There is, I believe, no danger of an anti“American insurgency in Germany. More pressing problems have to do with economic stagnation and the still uncompleted tasks of reunification with the East. Those problems are generally recognized. More controversial is the discussion of the continuing march of the cultural revolution through German institutions, including marriage and the family, and the ominous implications of demographic decline combined with massive Muslim immigration. What does it mean to be German? What does it mean to be European?
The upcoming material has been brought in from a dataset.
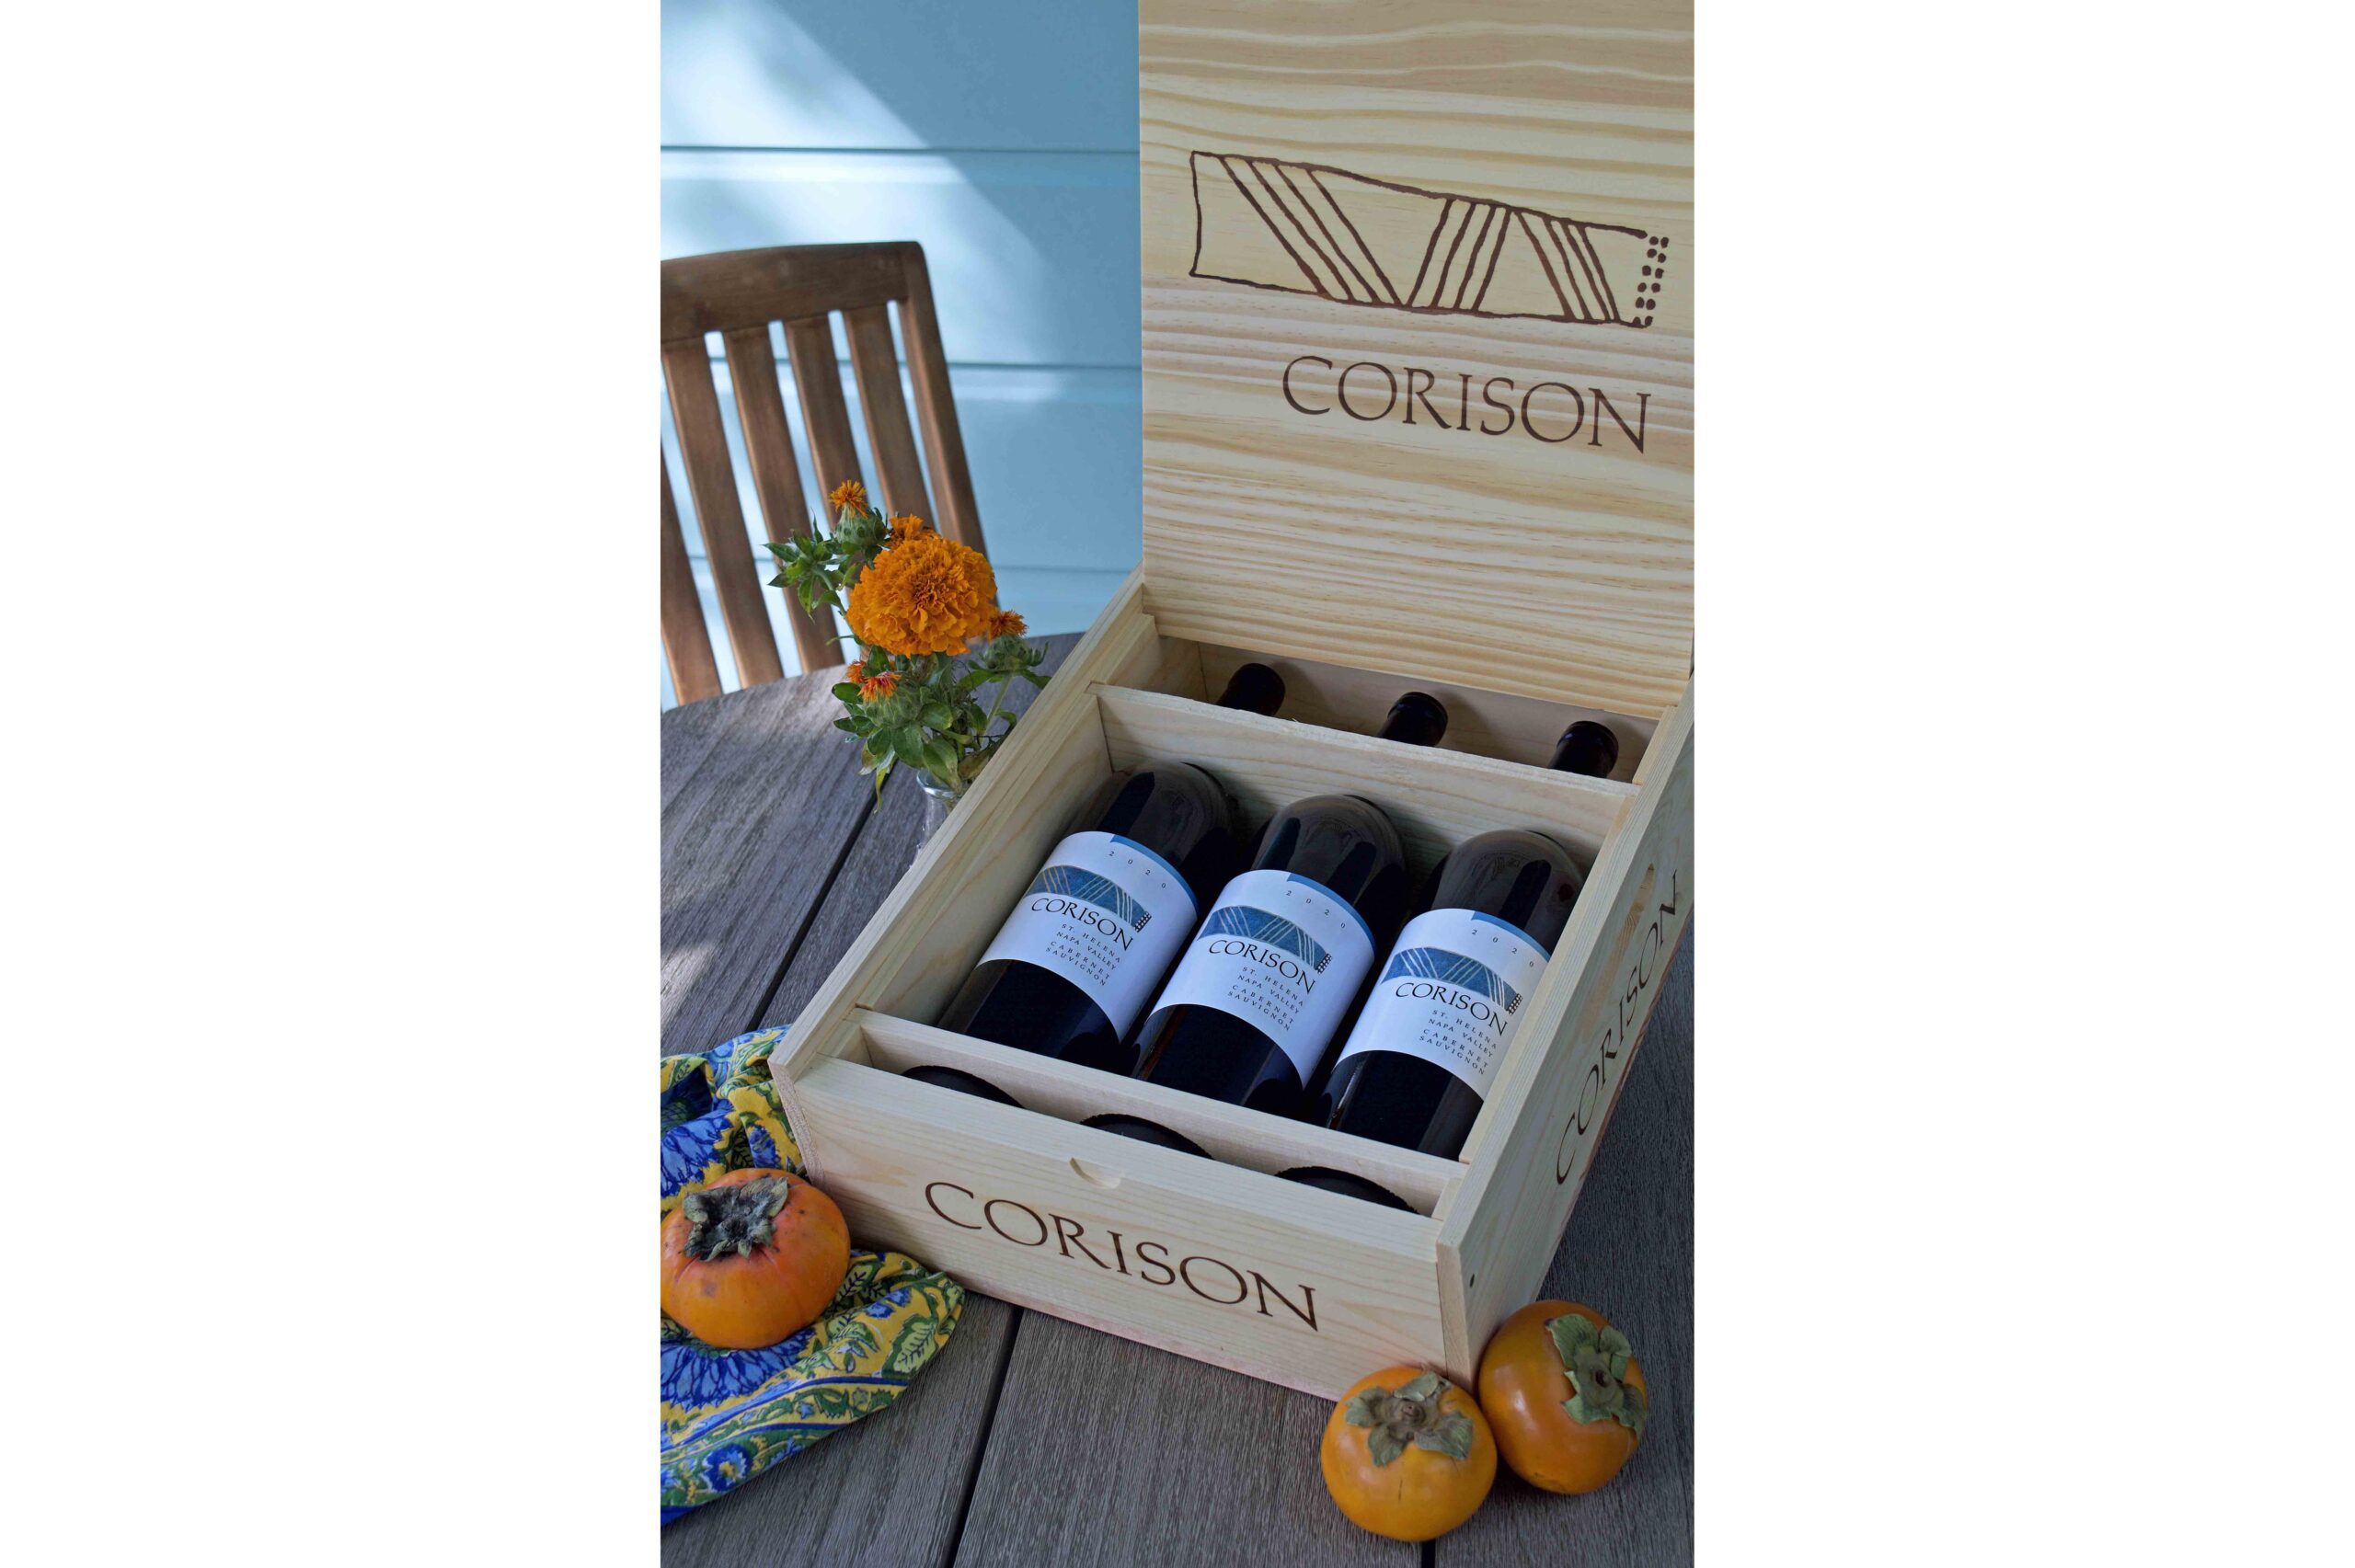 Three bottles of the 2020 Corison Napa Valley Cabernet Sauvignon on a fall holiday table

All the countries of the EU, including those now being admitted to membership, are being forced to ask the hard questions of cultural identity.

Whatever its economic benefits, the EU is presumably more than an economic union. Whether the EU is to be formed above cultural identities, or through cultural identities, or somehow around cultural identities, what Germany and the other member nations bring to the EU are cultural identities inseparable from their Christian origins and continuing influence. At present, that influence appears to be in decline, and some are clearly betting that it will, in time, disappear altogether. If they get their way, we face the possibility of an EU divorced from what is culturally identifiable as Europe. Many Europeans, including many Germans, are deeply and, I believe, rightly worried about that prospect.

Wolfhart Pannenberg is Professor of Systematic Theology at the University of Munich and founding director of the Institute of Ecumenical Theology.